Howard Russell Smith (June 17, 1949 – July 12, 2019) was an American singer and songwriter. He was the lead singer of the groups The Amazing Rhythm Aces and Run C&W. As a solo artist, he released four studio albums and charted five singles on the Billboard Hot Country Singles chart between 1984 and 1989.

Early life and career
Smith was born in Nashville and grew up in Lafayette, Tennessee. The Amazing Rhythm Aces were formed in 1972 with Smith as lead singer. The band recorded six studio albums for ABC Records before disbanding in 1981. In 1982, Smith signed with Capitol Records and released two albums for the label, Russell Smith (1982) and The Boy Next Door (1984). He later signed with Epic Records in 1988, where he released This Little Town in 1989. His highest-charting single, "I Wonder What She's Doing Tonight," peaked at number 37 on the Billboard Hot Country Singles chart in 1989. In 1993, Smith became the lead singer of bluegrass novelty group Run C&W.
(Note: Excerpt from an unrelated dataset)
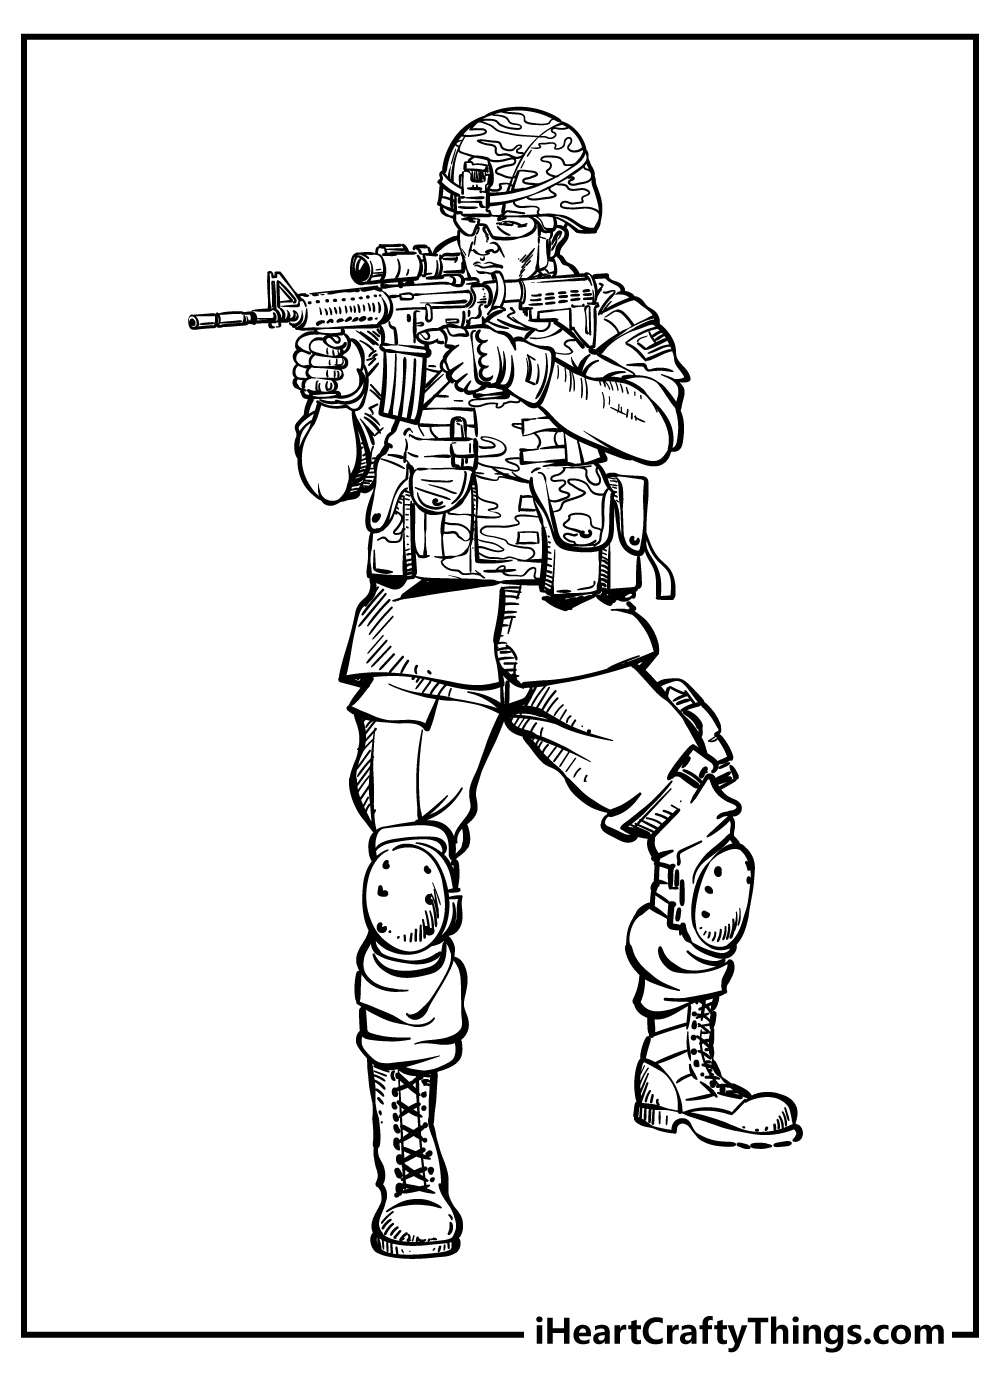 Army Coloring Pages for adults free printable

Smith also found success as a songwriter, penning Number One songs for Randy Travis ("Look Heart, No Hands"), T. Graham Brown ("Don't Go to Strangers"), Don Williams ("Heartbeat in the Darkness"), and Ricky Van Shelton ("Keep It Between the Lines"). In addition, he wrote "Big Ole Brew" which became a No. 4 country hit for Mel McDaniel in 1982.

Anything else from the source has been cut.